In an early study, Berry et al. applied an ex-vivo canine hemilarynx model to track landmarks on the medial surface during phonation for 3D reconstruction¹⁰. Trajectories from nine VF fleshpoints of one vertical line of the medial surface were 3D-reconstructed, exploring basic mechanisms of self-sustained oscillation. This approach was expanded upon by Döllinger et al. tracking a grid of 30 micro sutures for different distinct phonatory conditions in an excised human larynx with sustained VF oscillation^{11, 12}. Using Empirical Eigenfunctions (EEFs) they investigated changes in oscillation patterns dependent on different variables such as flow, adduction, and VF pre-stress. Using an advanced version of the 3D reconstruction setup previously used by Döllinger et al¹³, in a canine in vivo model, Reddy et al. 3D-reconstructed a grid of 35 ink landmarks and interpolated the medial surface in-between¹⁴.
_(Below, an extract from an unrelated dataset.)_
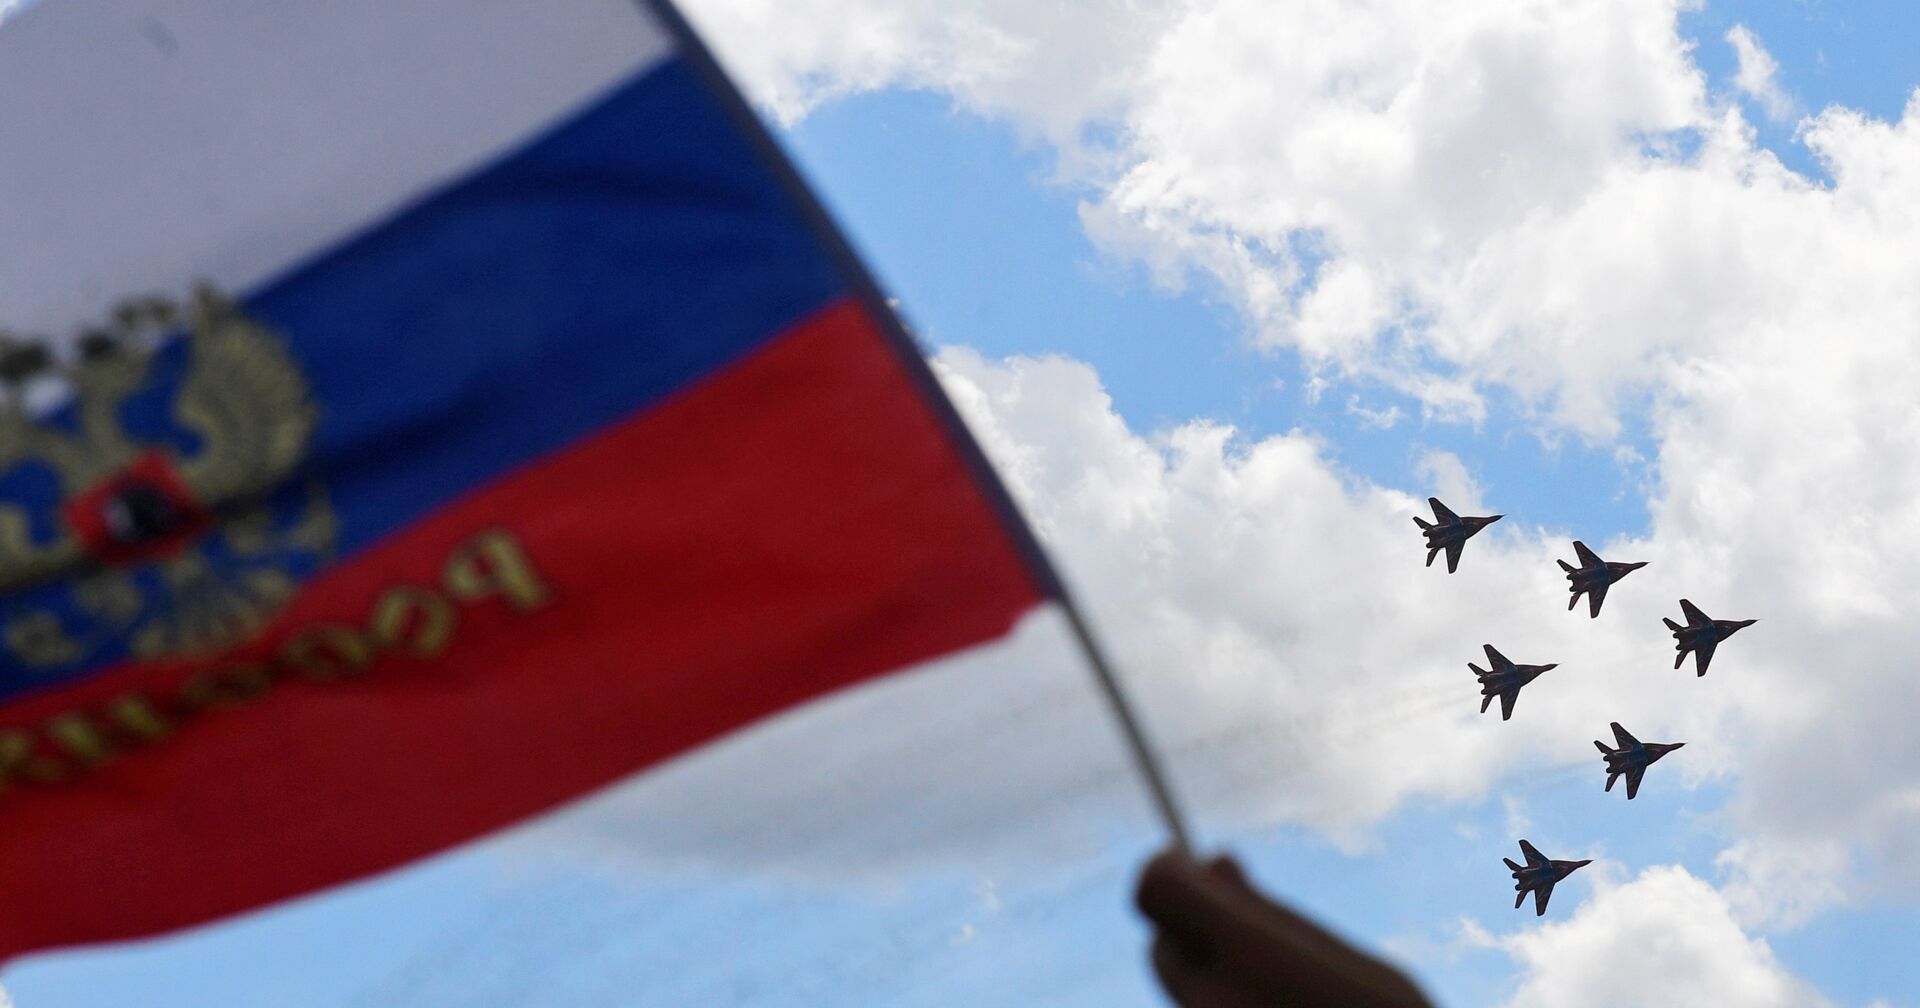 Многоцелевые истребители МиГ-29 пилотажной группы Стрижи выполняют демонстрационный полет на МАКС-2017 в Жуковском. 23 июля 2017 - ИноСМИ, 1920, 27.12.2020

In this study, we investigate VF oscillation patterns in a canine hemi-larynx model as a function of SLN and RLN nerve stimulation and airflow levels with synchronous recording of the acoustic signal. Previous studies relied on ex-vivo setups with no direct nerve stimulation^{11, 12}, stimulation of exclusively the RLN but not SLN^{13, 15} or did not investigate changing flow¹⁴. Hence, the questions we aim to answer are: (1) How do EEFs and trajectory shape change with different laryngeal nerve activation and pressures associated with flow? (2) Can we explain previously observed patterns of VF oscillations based on SLN and RLN activation states? (3) Are there previously overlooked relations between laryngeal nerve activation, flow, acoustics, and VF dynamics?

METHODS

In vivo canine hemilarynx phonation model

This work was undertaken in compliance with all policies regarding the use of laboratory animals and approved by the institutional animal research committee. The setup for canine hemilarynx experiments was described in detail in previous work ^{16, 17} and is therefore only briefly outlined here: a healthy male mongrel canine was anesthetized and placed in a supine position on an operating table. The larynx was exposed and a right hemilaryngectomy was performed. A grid of 30 India ink landmarks (7 columns, 3–5 rows per column, see Figure 1A) was tattooed on the medial surface of the remaining left VF. Exposed RLN and SLN nerve branches were connected to cuff electrodes (Ardiem Medical, Indiana, PA) for stimulation. A transparent right-angle glass prism was placed at the glottal midline against the VF. The prism provides two perspectives of VF vibration that are recorded for subsequent 3D reconstruction. Humidified airflow was provided to the larynx via a subglottic tube ¹⁸, achieving phonation and oscillation of the VF against the glass prism. VF oscillations were recorded through the glass prism with a high-speed camera (Phantom v210, Vision Research Inc., Wayne, NJ) at 3000 fps and 512×512-pixel resolution. The acoustic signal was recorded using a microphone (Model 4128; Brüel & Kjær North America, Norcross, GA) mounted flush to the inner wall of the subglottic tube.

Figure 1.

Illustration of data extraction: A) Coronal and axial landmarks on the medial surface tracked and used for 3D trajectory reconstruction. B) Illustration of convex and concave convex-hull area, and maximum and orthogonal Feret’s diameters being calculated for each trajectory (landmark C4 in phonatory condition SLN10 RLN5 high flow). C) Illustration of emphasizing effects by EEFs (landmark C1 in phonatory condition SLN10 RLN10 high flow). D) Video sections and acoustic signal (F0 and CPPS computation) windows chosen for analysis vs. flow and time.

Investigated neuromuscular phonatory conditions

SLN and RLN nerves were stimulated at 10 levels each, from threshold (SLN1 / RLN1) to maximum muscle activation (SLN10 / RLN10). Including no stimulation (SLN0/RLN0) conditions, thus a total of 121 distinct neuromuscular SLN/RLN activation pairs were available for analysis. Stimulation duration was 1500 ms, during which the airflow was ramped linearly from 400 ml/s to 1600 ml/s. Due to limitations in our data processing (detailed in limitations) we investigated only seven distinct nerve activation combinations at three levels of airflow (low, medium, high), for a total of 21 distinct phonatory conditions. Interval flow and time ranges for these phonatory conditions are illustrated in Figure 1D and given in Table S1. Each interval was chosen to contain a representative segment of local phonation consisting of three cycles of oscillation for segments after onset.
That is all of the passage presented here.